La Glorieta de Belgrano Open-Air-Milonga mit nostalgischem Flair

von Ute Neumaier, Buenos Aires, veröffentlicht in Tangodanza Nr. 57,  März 2014

Wer die Klimaanlagen und Ventilatoren der Indoor-Milongas von Buenos Aires leid ist, und mal an der frischen Luft mit Blick auf die Grenzlinie zwischen Himmel und Erde Tango tanzen möchte, darf sich La Glorieta keinesfalls entgehen lassen.

Eine kleine Reise ist es schon vom Stadtzentrum ins schöne Belgrano, die sich aber durchaus lohnt. Und das nicht nur, weil man bei der Fahrt in einem Bus aus dem Zentrum erleben kann, wie sich die Stadt vom Süden in Richtung Norden hin verändert, wie die Straßen breiter werden, das Grün satter und die Luft besser.

Magisches Licht zum 2 x 4

Gegenüber des Busterminals liegt der kleine Park Barrancas de Belgrano, der 1892 von dem französischen Landschaftsarchitekten Charles Thays angelegt wurde.  Selbst ein Newcomer findet auf der Grünfläche schnell, wonach er sucht. Denn La Glorieta ist hier am Spätnachmittag samstags und sonntags weder zu übersehen, noch zu überhören.

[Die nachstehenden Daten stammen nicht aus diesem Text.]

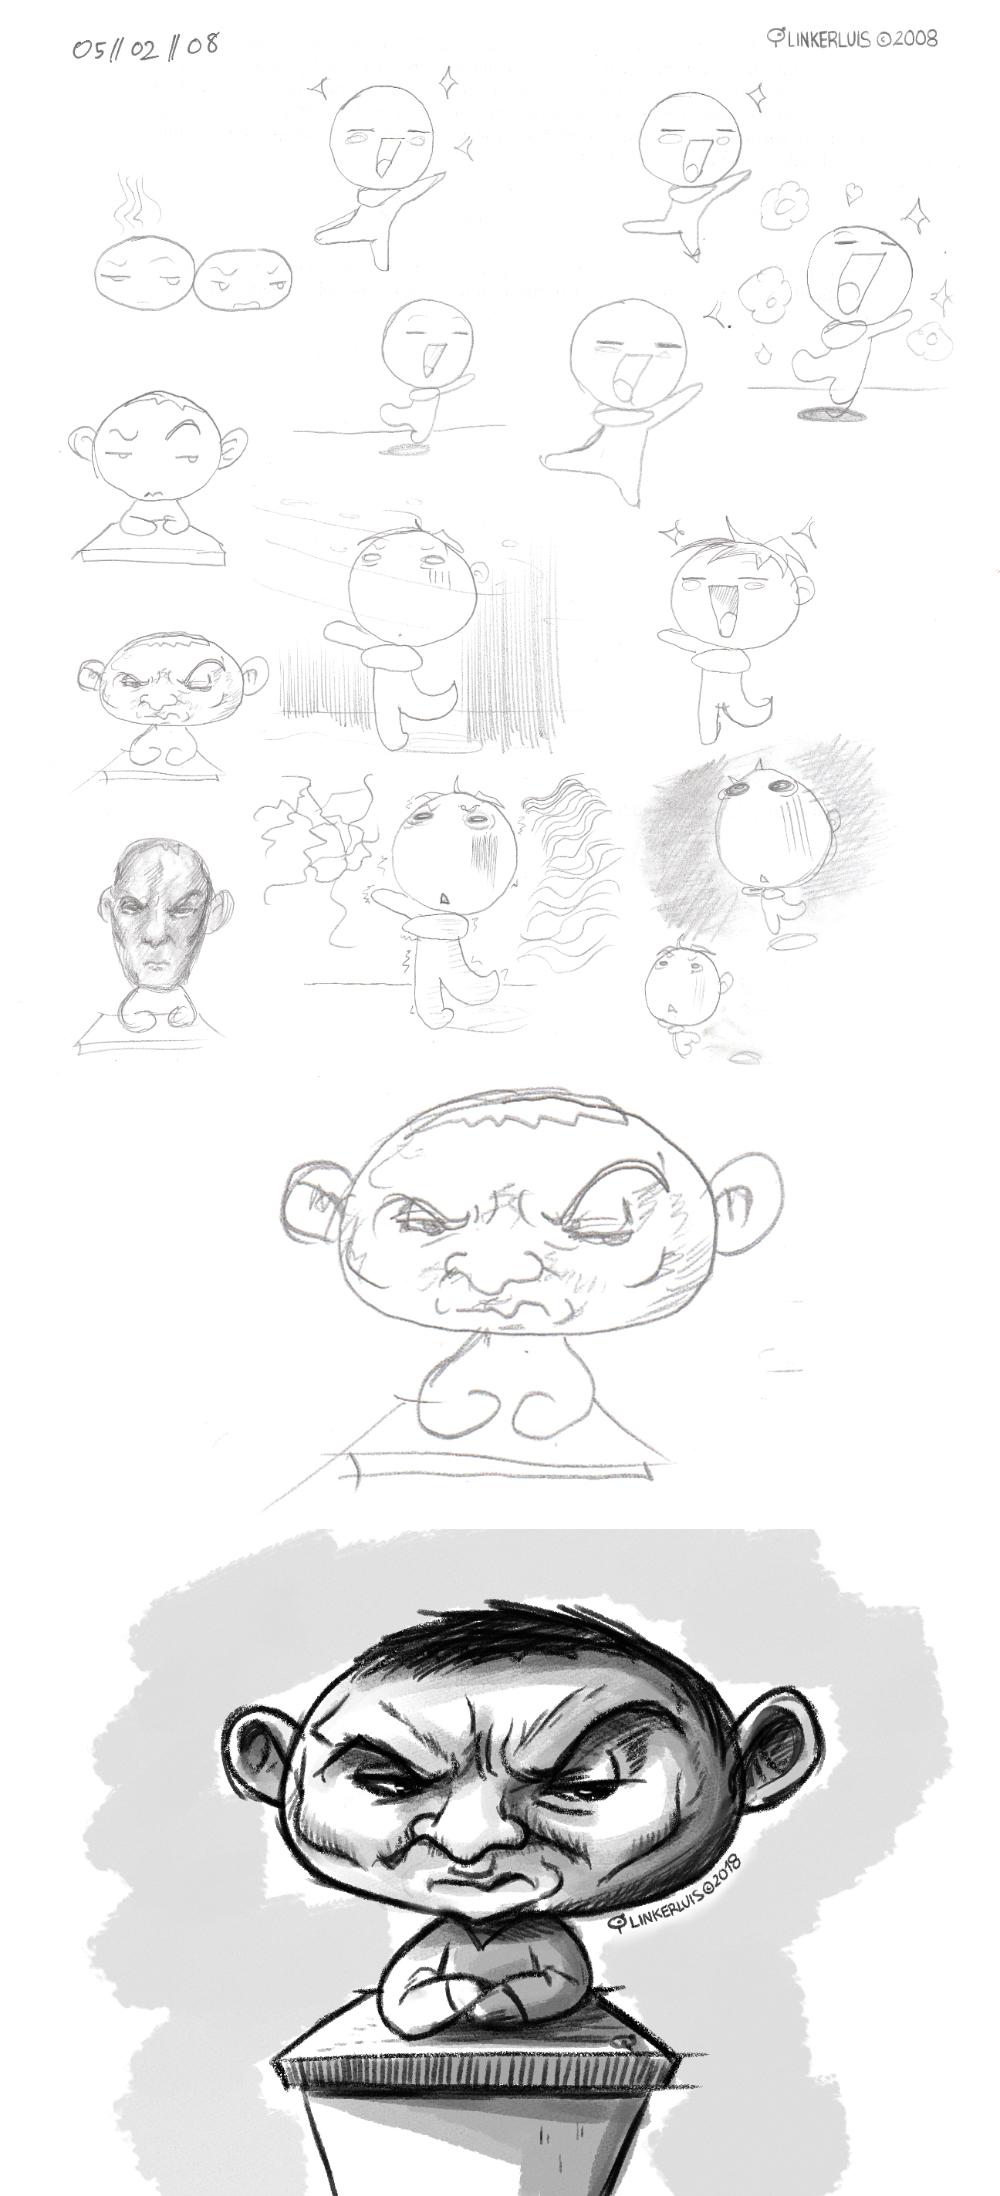 Sketchdump (05/02/08) by LinkerLuis
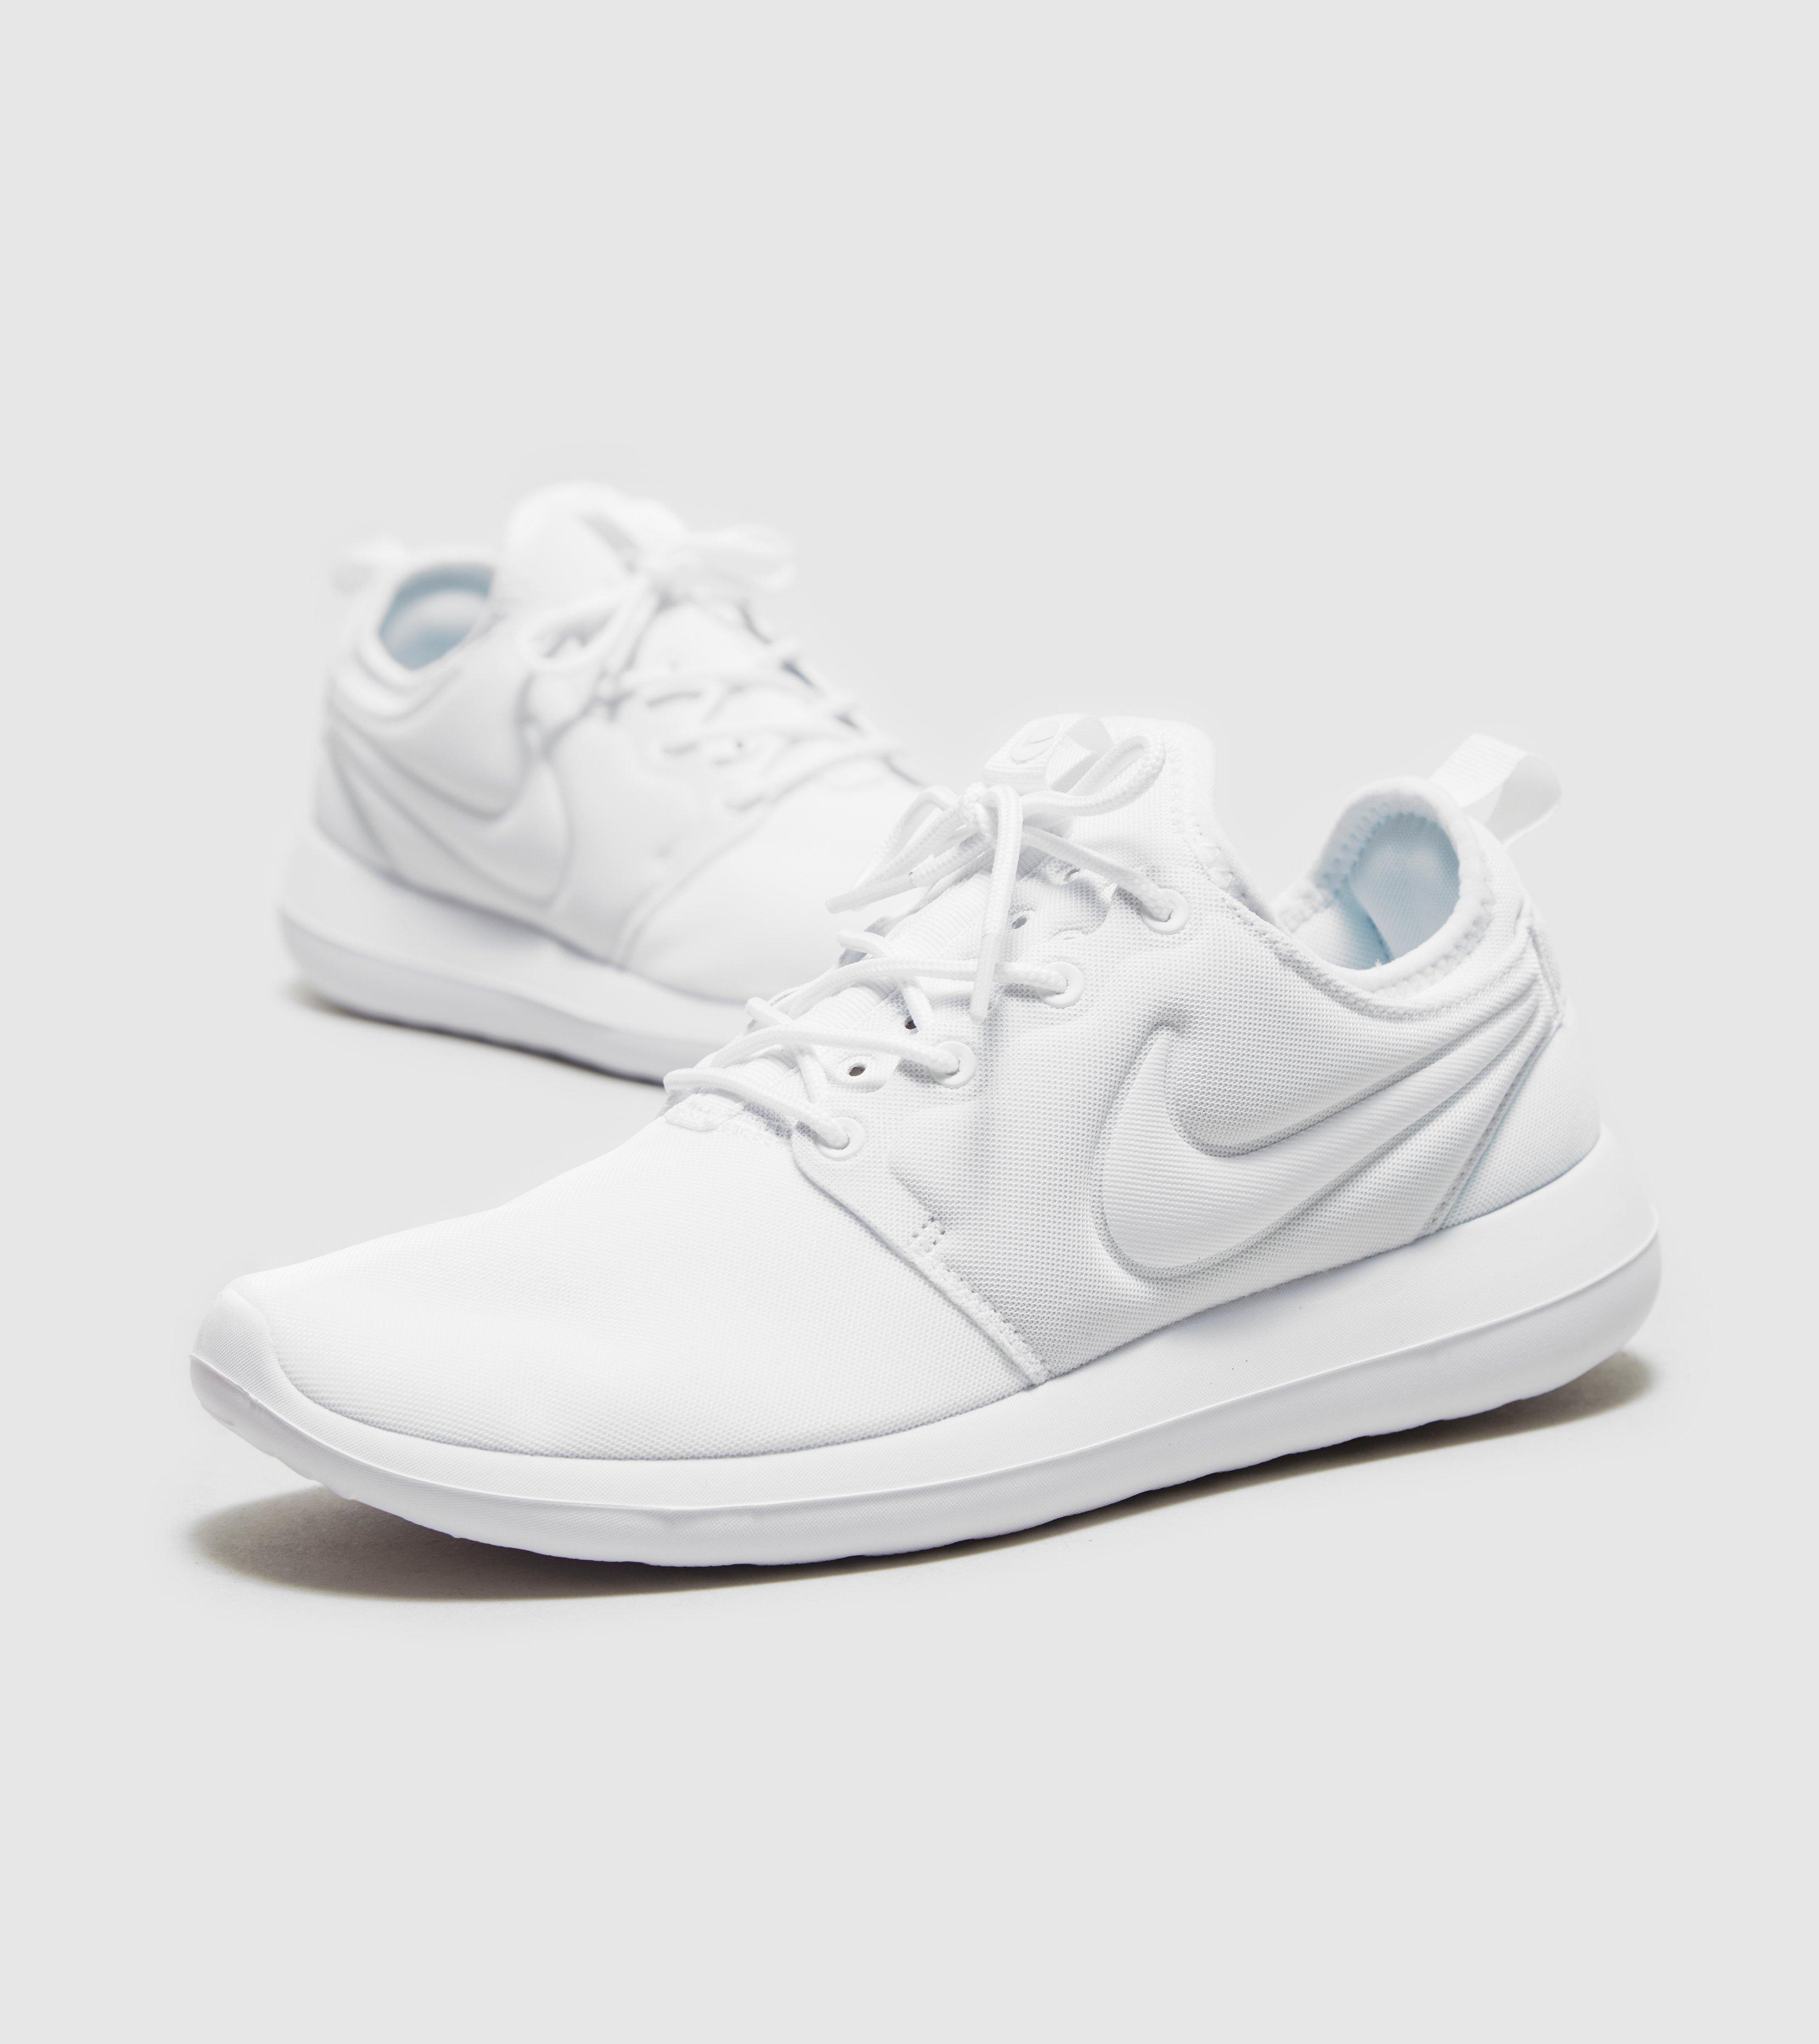 Nike Roshe 2 Femmes Blanches

Auf einer kleinen Anhöhe steht ein wundervoller, romantischer Pavillon, in dem Tangueros im magischen Licht der Abenddämmerung ihre Runden drehen.

La Glorieta besticht mit einem ganz eigenen Charme, und das schon seit 17 Jahren. Als der Organisator Marcelo Salas sich 1995 auf die Suche nach dem geeigneten Ort für eine Freiluft-Milonga begab und den sich selbst überlassenen Pavillon entdeckte, war es Liebe auf den ersten Blick.

Tango tanzen bei Wind und Wetter

„Der Tango kränkelte damals sehr, geriet mehr und mehr in Vergessenheit und wurde nur noch von einer Minderheit getanzt“, erzählt Marcelo, „und mit meiner Milonga wollte ich daran etwas ändern.“ Und weil Beharrlichkeit eine seiner Stärken ist, blieb Marcelo seither sommers wie winters, auch mal bei aufkommendem Regen, seiner Milonga und deren Fans treu.

Ihr Publikum ist zwischen 20 und 70 Jahre alt, das Tanzniveau variiert. Touristen vermischen sich mit Einheimischen, Milongueros mit Neulingen und in guten Zeiten tummeln sich hier schon mal um die 200 Leute. Der Spaß am Ausprobieren ist wichtiger als in manchem Tempel der hohen Tangokunst, sodass sich selbst Anfänger ohne Angst vor einer Blöße auf die Tanzfläche trauen.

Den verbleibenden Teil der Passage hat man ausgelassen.